Остров Сердце - Максим Теплый 7 стр.


– Понимаю, конечно, – вздохнула Вера. – Это я так, на всякий случай… Вдруг, думаю, согласитесь… Я там, в Лондоне, всех покорю! Честное слово!

Вера вдруг снова полыхнула глазами и решительно добавила:

– Только теперь, если я в Лондон не поеду, все решат, что из-за вас – мол, Беркас Сергеевич обещал помочь, а потом отказался. Подумают, из-за того, что я все про нас с вами рассказала…

Каленин хотел было возмутиться, но разглядел в глазах девушки пляшущих хитрых бесенят и неожиданно для самого себя рассмеялся. Веркина задумка втянуть его столь нахальным способом в эту историю теперь не казалась ему такой уж глупой.

"Может, и правда можно как-то помочь!" – подумал он, а Верка тем временем продолжала:

– Я и визу сделала в турагентстве, на десять дней… Билеты забронировала. Я по-английски почти свободно говорю! Все олимпиады в области выиграла! Но что уж теперь, если…

Верка картинно потупила глаза. Сердиться на нее было невозможно.

– Вот что я тебе скажу… – начал Каленин нарочито серьезно и даже назидательно.

Но договорить не успел. Прямо на него от ближайших кладбищенских оградок шел улыбающийся пацан в потертой футболке, поверх которой был надет самодельный матросский воротник в блеклую голубую полоску. На голове бескозырка – тоже самодельная, с двумя черными огрызками, которые некогда были, видимо, ленточками.

Руку пацан вытянул вперед, а в кулаке держал гранату.

Каленин явственно видел "хвост" запала и даже успел разглядеть, что граната имеет овальную форму. "РГД-5- успел сообразить он. – Страховочного кольца нет. Если это не муляж, через четыре секунды после того, как паренек разожмет кулак, жахнет взрыв и в радиусе десяти метров осколки сметут все живое".

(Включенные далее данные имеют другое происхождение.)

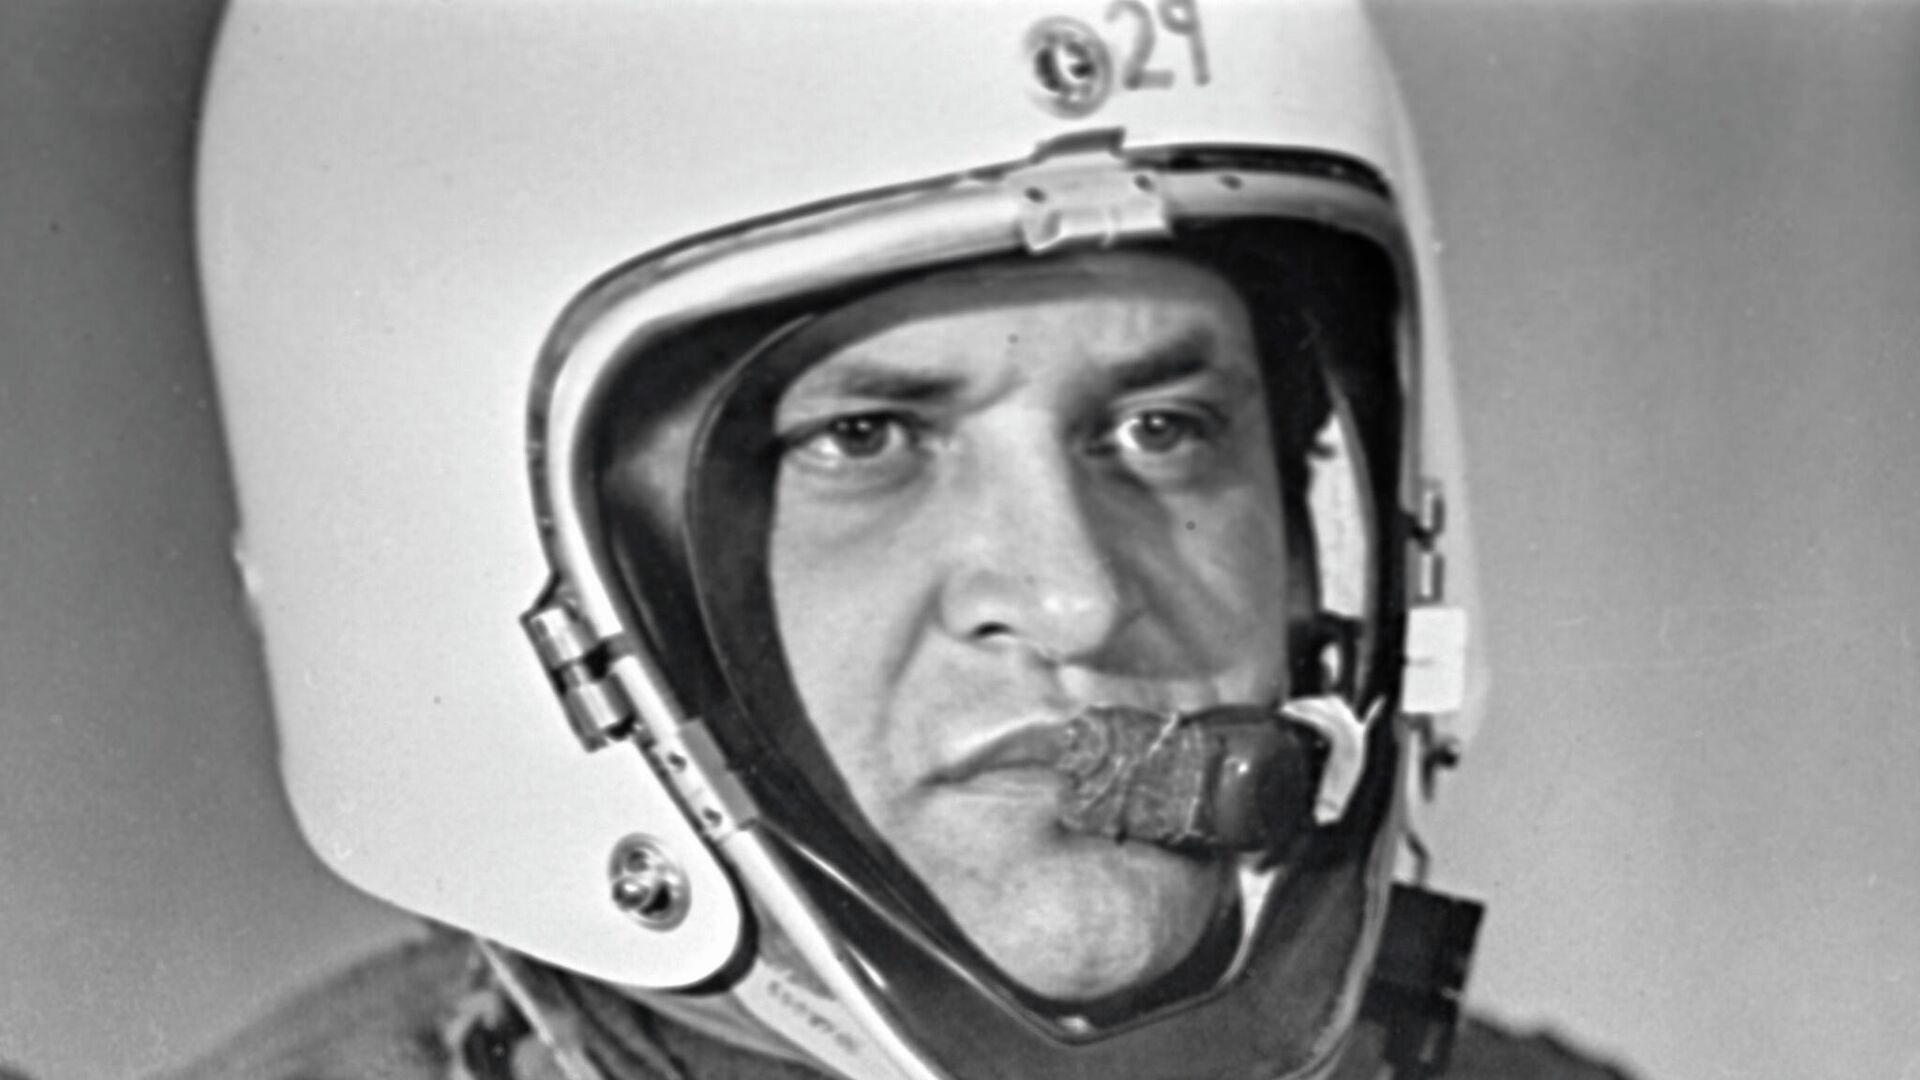 Фрэнсис Гарри Пауэрс в специальной экипировке для длительных полетов в стратосфере - американский шпион, чей самолет-разведчик Локхид У-2 был сбит советской зенитной ракетой под Свердловском - РИА Новости, 1920, 01.05.2021
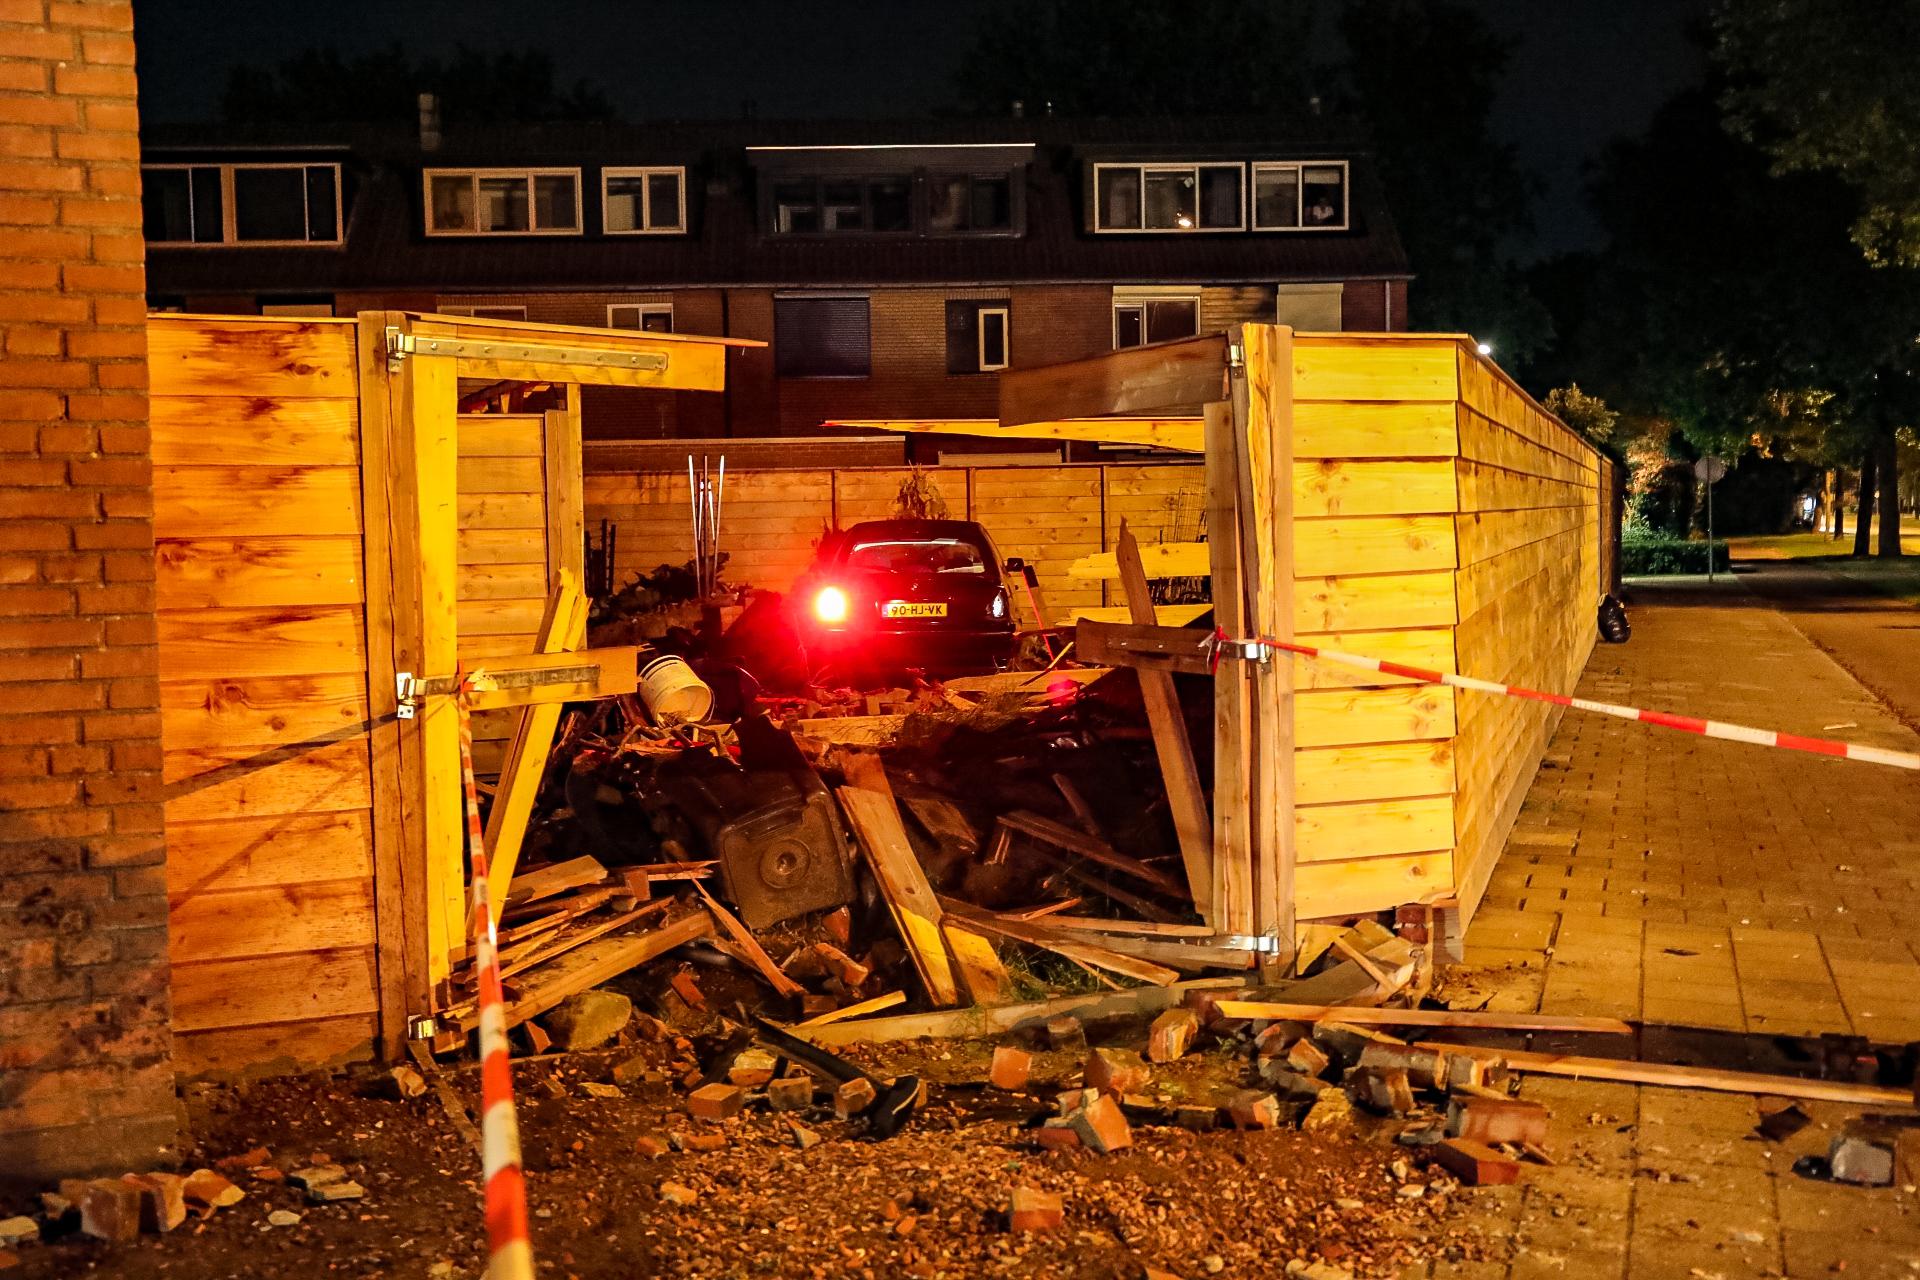 Lachgas aangetroffen in gecrashte auto in tuin

Все это с невероятной скоростью прокрутилось в голове Беркаса. Паренек, по-прежнему улыбаясь, сделал еще несколько шагов вперед.

– Тебе чего, Вовик? – безмятежно спросила Вера. – Что это у тебя?

– Граната! – ответил мальчишка и сделал еще шаг. Говорил он вроде бы правильно, но все же не так, как должен говорить мальчик четырнадцати лет от роду. А ему было именно столько. Букву "р" он произносил нечетко, получалось что-то вроде "гданата".

– Какая граната, Вова? – улыбаясь, переспросила Вера.

– Настоящая! – с гордостью ответил мальчик. У него вышло "настоячая". – Ему! – он кивнул на Каленина.

Вова подходил все ближе, и теперь Каленин окончательно понял, что боек запала удерживает только рукоятка, зажатая в ладони мальчугана.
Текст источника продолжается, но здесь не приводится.